Fresh insights into structure-function-integrated self-antibacterial Cu-containing Al alloys: giving Al alloys a new function.

Abstract

Contact infection by bacteria and viruses is a serious concern to human health. The increasing occurrence of public health problems has stimulated the urgent need for the development of antibacterial materials. Al alloys are the fastest-growing mass-produced material group, a prerequisite for the lightweight design of vehicles, food containers and storage, as well as civil-engineering structures. In this work, the structure-function-integrated concept was used to design and produce self-antibacterial Al-xCu (x = 2.8 and 5.7) alloys for the first time ever. The antibacterial tests indicated that Al-2.8Cu and Al-5.7Cu alloys provided a stable and efficient bacteriostatic rate against S. aureus and E. coli, which was 87% for Al-2.8Cu and 100% for Al-5.7Cu against S. aureus at 24 h, and 89% for Al-2.8Cu and 94% for Al-5.7Cu against E. coli at 24 h.
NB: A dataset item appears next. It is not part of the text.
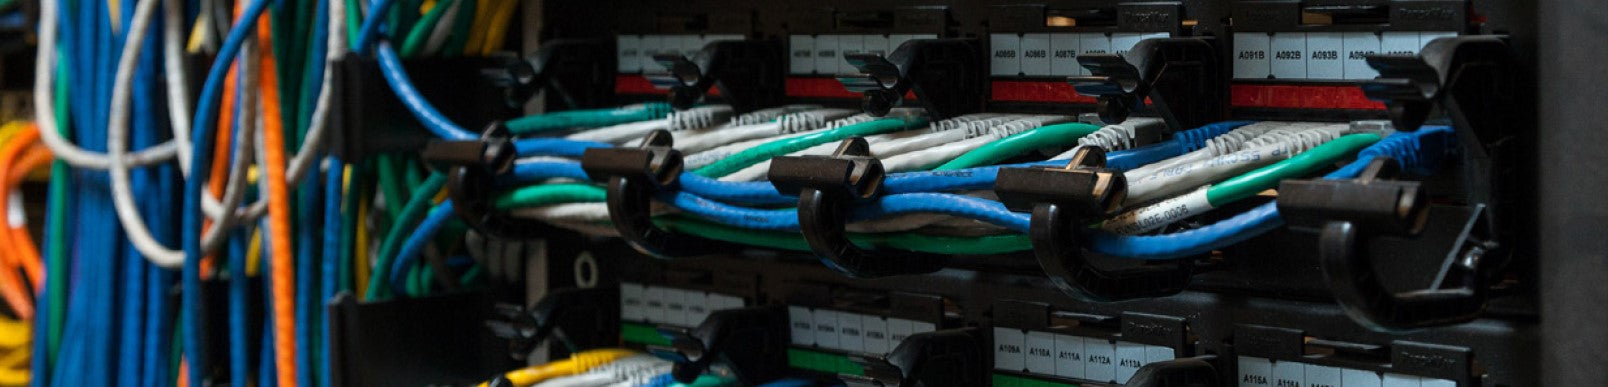 Data Centre cables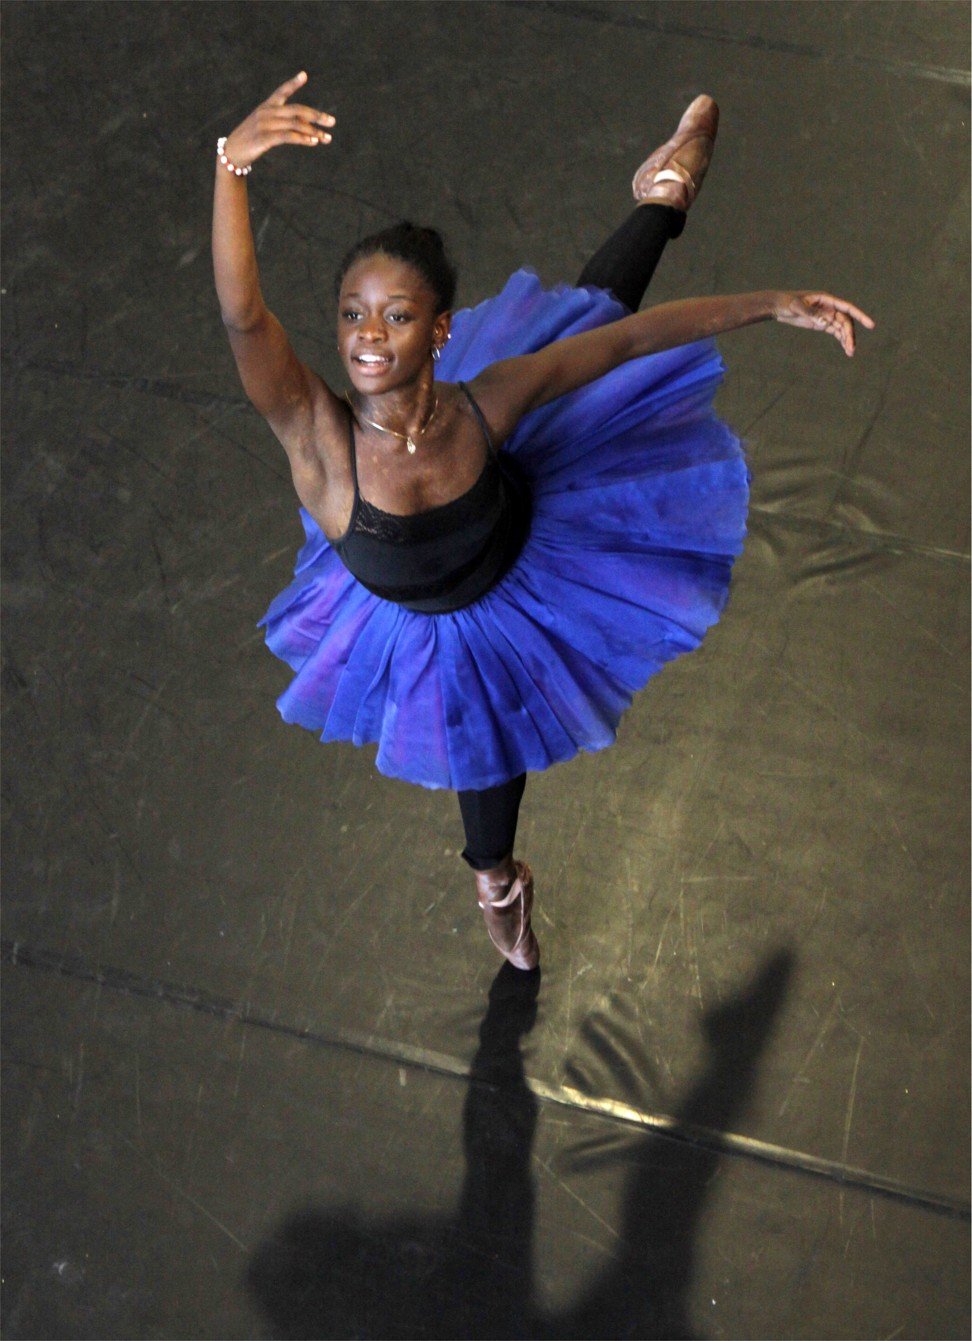 Ballet dancer Michaela DePrince rehearses in Johannesburg, South Africa. DePrince overcame a childhood in war-stricken Sierra Leone to become a world class ballerina. Photo: AP

The antibacterial effect was similar to the commonly-used antibacterial materials with a similar Cu content. Furthermore, the mechanical properties and corrosion resistance of Al-2.8Cu and Al-5.7Cu were comparable to those of the current commonly-used commercial casting Al-Cu alloys. Structural insights into the performance and biomedical function by Cu-rich precipitates provided understanding of the mechanisms of these structure-function-integrated self-antibacterial Cu-containing Al alloys: (i) the Cu-rich precipitates produced strengthening, and (ii) the immediate contact with Cu-rich precipitates and the Cu²⁺ caused a synergistic action in improving antibacterial activity. This work gives Al alloys a new function and inspires fresh insights into structure-function-integrated antibacterial Al alloys.